| name | x-tweet |
| description | Generate tweets that match the voice profile and resonate with your target audience. Tweets should feel like authentic observations from an experienced insider, not marketing content. |
X Tweet Generator
Overview
Generate 3 tweets per day that sound like a clear-eyed insider sharing observations, not doing content marketing. Voice, audience, and topics are defined by your context profiles.
Before Writing
Step 1: Read Context
-
Read context profiles in /context/:
voice.json — How to sound
audience.json — Who you're writing for
- Any business profile JSONs — Business context
-
Check engagement data in /knowledge/engagement/ for what's working
-
Check tweet history — Read /knowledge/content/tweet_history.json for previously written/posted tweets.
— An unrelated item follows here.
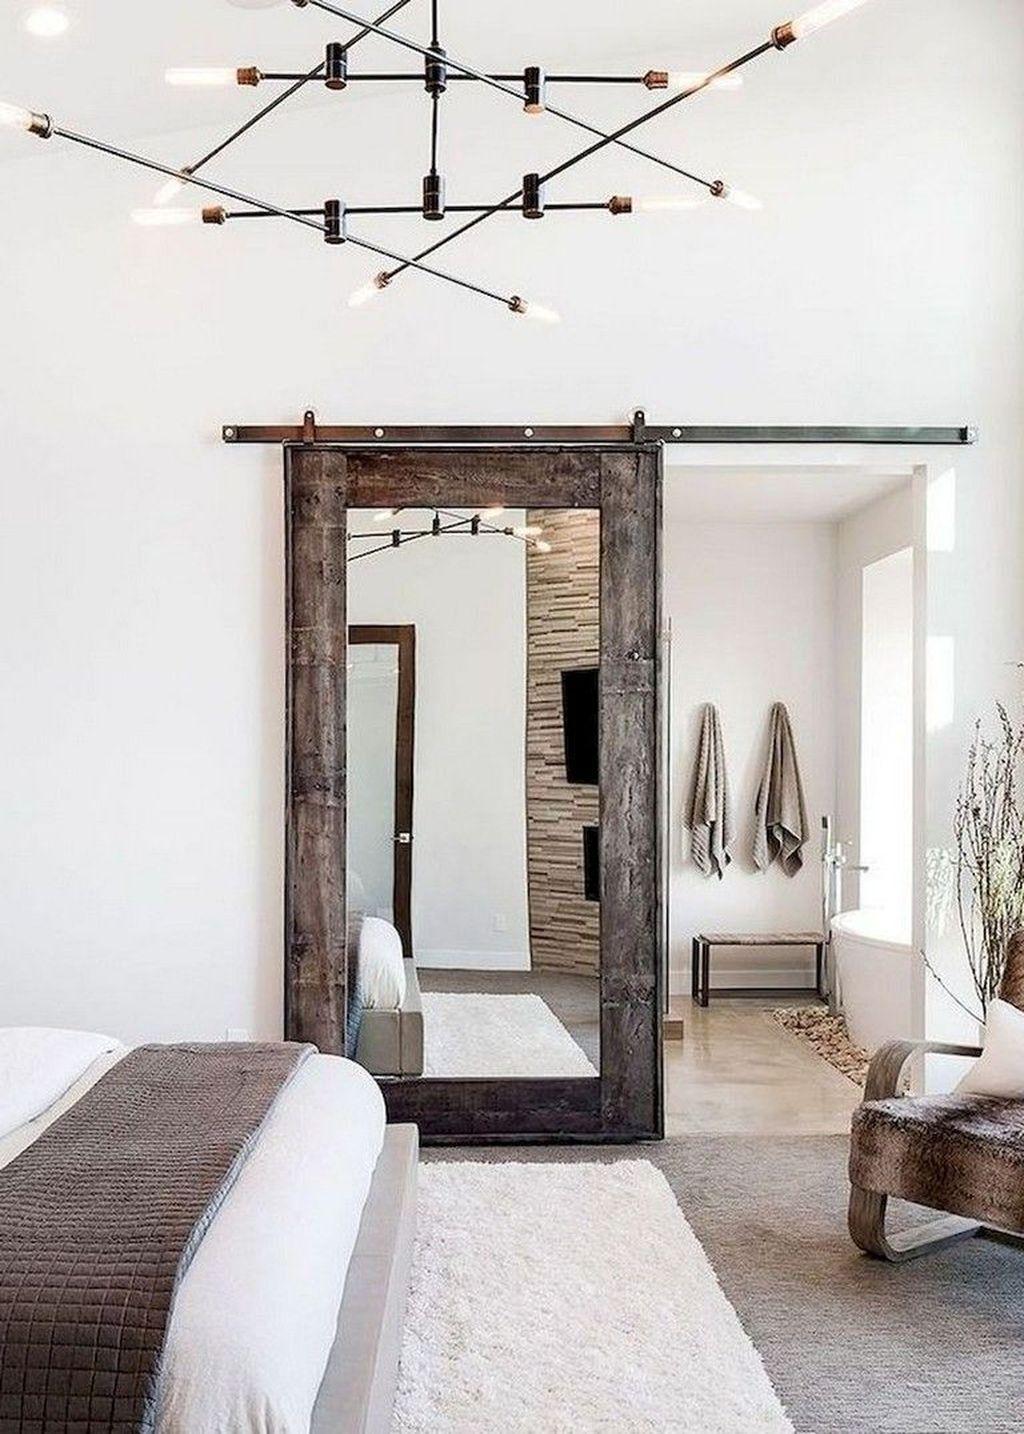 38 Fabulous Modern Farmhouse Bedroom Decorating Ideas #modernfarmhouselivingroom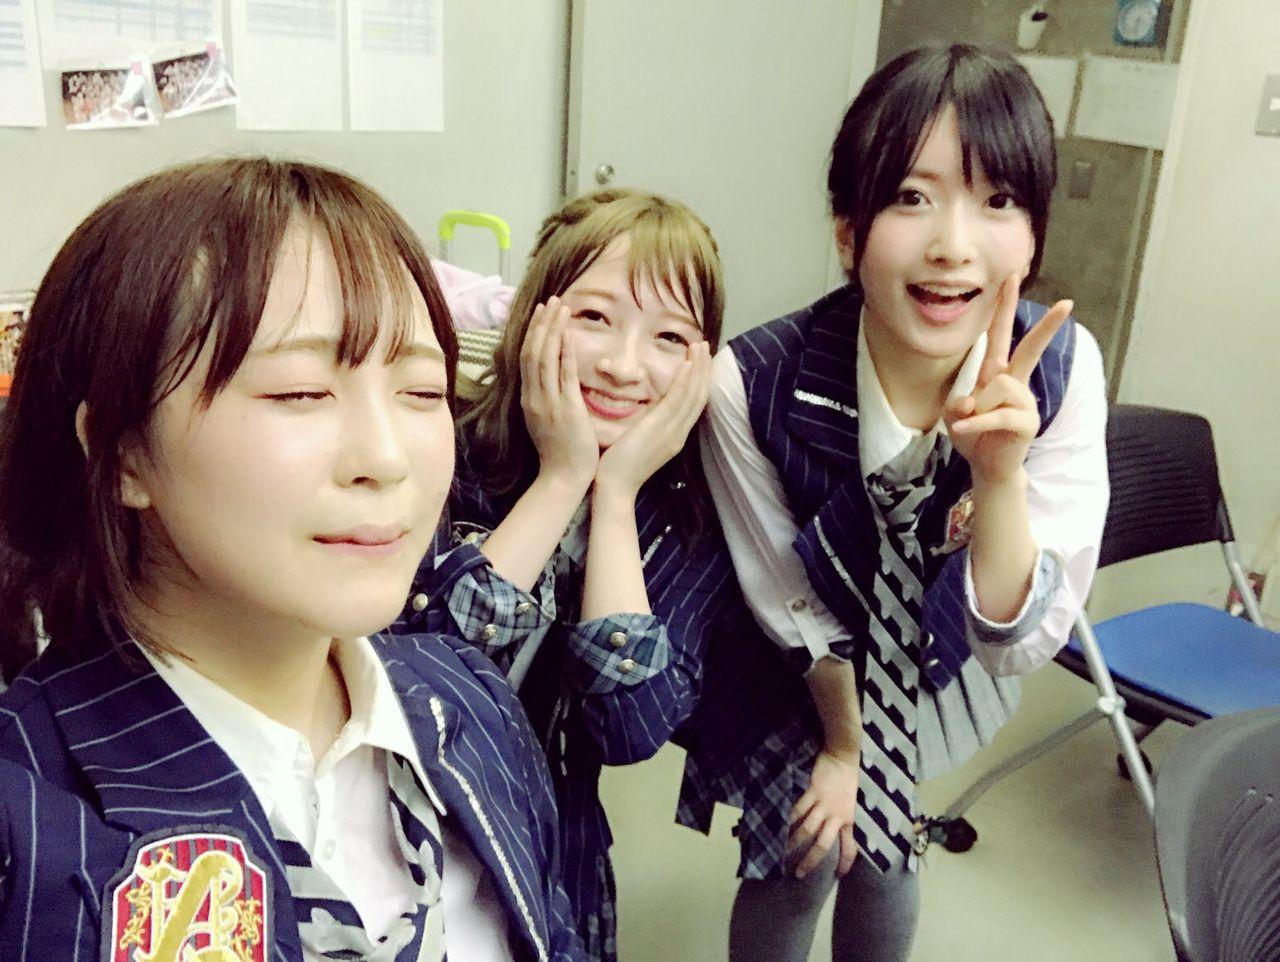 【NMB48】須藤凜々花 卒業発表、メンバーの反応などまとめ→

Do NOT repeat the same topic or angle unless the user explicitly asks. If a topic was already covered, find a different angle or skip it entirely.
Step 2: Scrape Engagement (MANDATORY — run BEFORE research)
- Scrape your profile — Run
scrape_profile.py to get latest engagement data on recent tweets. Update engagement_log.json. Review what's working (likes, views, replies) and what's not. Use this to inform today's tweet strategy.
Step 3: Research (MANDATORY — use researcher-agent for all 3 in parallel)
- Current tech news — Search for today's top tech headlines (AI, startups, VC, big tech). Get specific names, numbers, details.
- Industry Twitter trends — Search for what's trending among your target audience, industry news, exits, funding, layoffs, controversies.
- Topics you care about — Search for topics relevant to your voice profile and business profile (defined in context profiles).
Step 4: Write
- Mix news-reactive and evergreen tweets. At least 1 tweet should react to a specific current event/news item. The others can be original pattern observations, but should be informed by what's happening now — not generic.
Tweet Types (Rotate Daily)
1. Pattern Observation (Primary — 40% of tweets)
Spot something in your industry and name the pattern.
- Start with a specific detail or observation
- Build to a broader insight
- Let the pattern speak for itself
2. Contrarian / Anti-Hype (25% of tweets)
Challenge conventional wisdom, call out spin, cut through noise.
- Mock discourse fatigue
- Question what everyone accepts
- Skeptical but not cynical
3. Founder/Insider Insight (20% of tweets)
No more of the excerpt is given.